On peut lire en épigraphe de la pièce de Franz Xaver Kroetz : « C’est le crime de Burbach à la brasserie Toscaklause qui m’a amené à écrire cette pièce. Personnages et situations sont purement fictifs. » L’auteur s’est en effet inspiré d’un « fait divers » survenu en Allemagne en 2001. Un enfant de cinq ans, Pascal Zimmer, a été abusé par un groupe de pédophiles, tous clients de la même brasserie dans les environs de Saarbrücken, avant d’être assassiné. Son cadavre n’a jamais été retrouvé. Ses bourreaux ont été jugés et condamnés en 2004.
Chaque tonton se défend, chacun raconte « son » histoire avec « son » Pascal. Au fur et à mesure, les personnages s’empêtrent dans leurs contradictions et dans leur vaine recherche d’un autre coupable qu’eux. Mais T’as bougé n’exhibera aucun coupable.
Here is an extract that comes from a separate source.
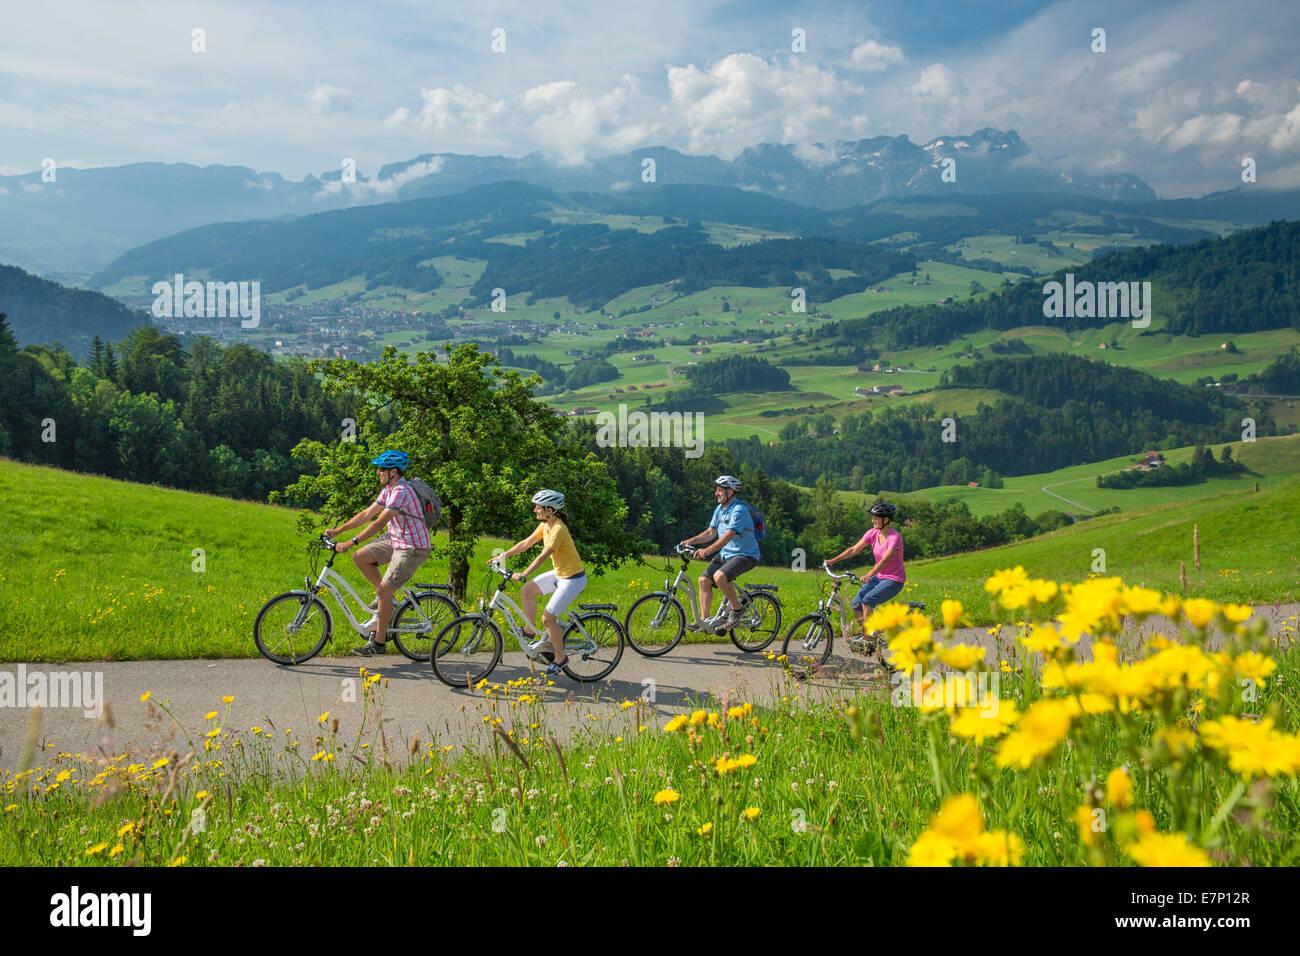 Herz-Route, Biker, Herzroute, Fahrrad, Fahrräder, Fahrrad, Fahrrad fahren, Kanton Appenzell, Innerroden, Flyer, Stockbild

La pièce est bien plutôt occupée à montrer comment tous, coupables et victimes, sont à la recherche de la même chose : l’amour.
Kroetz met le doigt sur les inégalités sociales en nous présentant les coupables et leur « crime à motivation sexuelle ». Il nous place aussi dans la peau de la victime, dans l’âme d’un enfant, mais aussi dans celle des deux femmes complices, une mère qui a perdu pied et la patronne du café qui détourne les yeux car il lui faut bien des clients pour vivre. Le regard de Kroetz est sans complaisance et le spectateur est contraint de voir.
La réalité, personne ne la connaîtra. Il y a pourtant tellement de réalité dans cette pièce ! Mais qui a envie de l’entendre, de la voir d’une façon aussi crue ? La langue, si typiquement kroetzienne, parce qu’elle est éminemment théâtrale, nous astreint à une écoute généreuse.